Google parent company Alphabet Inc. GOOGL, -3.59% GOOG, -3.04% reported first-quarter results Tuesday that were slightly shy of Wall Street estimates, with revenue at Google and YouTube both hit by the war in Ukraine and slower ad spending. The numbers weren’t the only problem, though: Wall Street analysts seemed especially disappointed in comments by Alphabet Chief Financial Officer Ruth Porat about a potentially slower second quarter and slowing revenue growth at YouTube.

Many analyst questions were around YouTube’s slowing growth rate, and whether or not the company was seeing more competition from TikTok. In the first quarter, YouTube revenue grew 14.39% to $6.9 billion, its slowest growth in the past five quarters. In the year-ago quarter, for example, YouTube revenue soared 48.7%.

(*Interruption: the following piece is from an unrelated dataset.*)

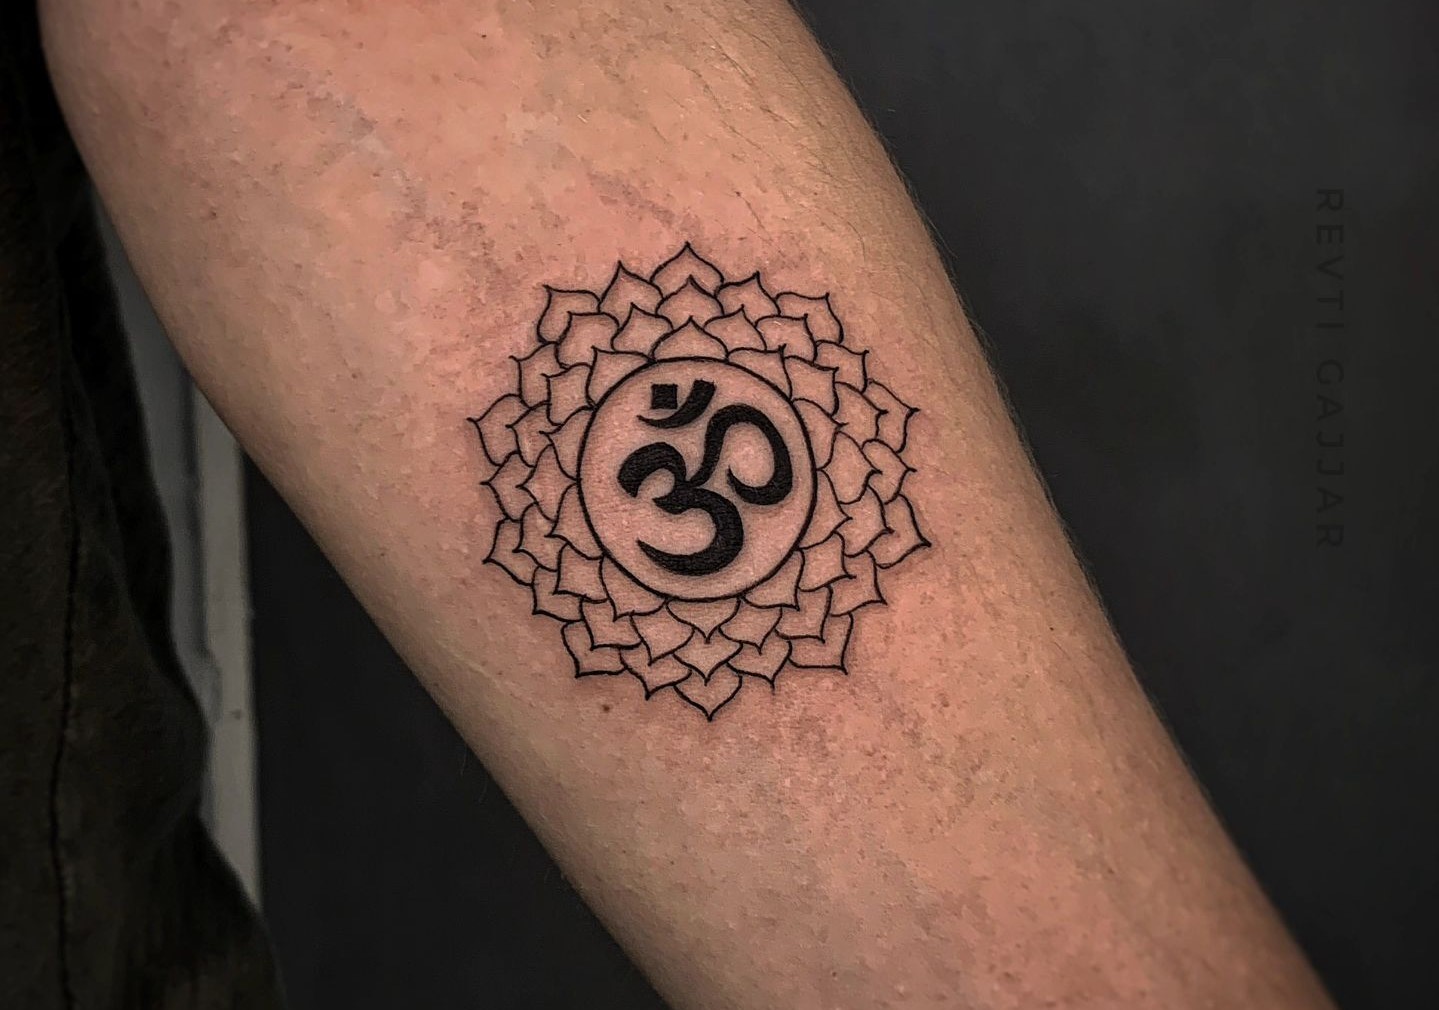 Tattoo uploaded by Savannah Trevino • 7 chakra symbols w/ line work  detailing going down the spine by Polo @ Twisted Tattoo • Tattoodo

Porat blamed Russia’s invasion of Ukraine; like many U.S. corporations, Alphabet suspended its business in Russia after it went to war with Ukraine. The loss of revenue from Russia was about a 1% hit on its overall revenue, executives disclosed.

“The war, that did have an outsized impact on YouTube ads relative to the rest of Google,” Porat said. “And that was both from suspending the vast majority of our commercial activities in Russia as well, as I noted earlier, the related reduction in spend primarily by brand advertisers in Europe.”

Analysts weren’t buying that explanation, sticking to questions about the rise of TikTok. One analyst said he has been hearing concerns about more competition from TikTok affecting YouTube’s mobile usage.

“We’ve seen significant investment in online video and there has been a ton of innovation, but there are 2 billion-plus logged-in viewers who visit YouTube every single month and more people are creating content on YouTube than we have ever seen before,” Alphabet Chief Executive Sundar Pichai rebutted.

In addition to YouTube, concerns about the general macroeconomic advertising environment and the outlook spooked some analysts. Porat said that in Google Services, the revenue growth rates in its advertising businesses benefited from lapping the COVID-related weakness in 2020.

“Obviously we will not have that tailwind for the rest of this year,” she said. “As discussed in prior calls, the largest impact from COVID on our results was in the second quarter of 2020, which means that in the second quarter of 2022, we will face a particularly difficult comp as we lap the recovery we had in the second quarter of 2021.”

Wall Street had been expecting Alphabet to weather the storm in the online-ads sector, where Apple Inc.’s AAPL, -3.73% privacy changes to iOS have had a big impact on Facebook parent Meta Platforms Inc. FB, -3.23% and other ad-based companies. Comments about its Google ad and search business are likely indicators that other internet companies could report even more disappointing results in the coming weeks, starting with Facebook on Wednesday.

In after-hours trading Tuesday, shares of Alphabet fell 4% at one point, though a major increase to its stock buyback plan — to $70 billion, up from $50 billion last year — likely helped its shares stave off much more damage, ending the session down 2.7%. Meta, which saw its stock dip nearly as much in Tuesday’s after-hours session, may not be so lucky.

If Alphabet is no longer a port in the storm, investors are going to have a tough time finding a better alternative among its few competitors.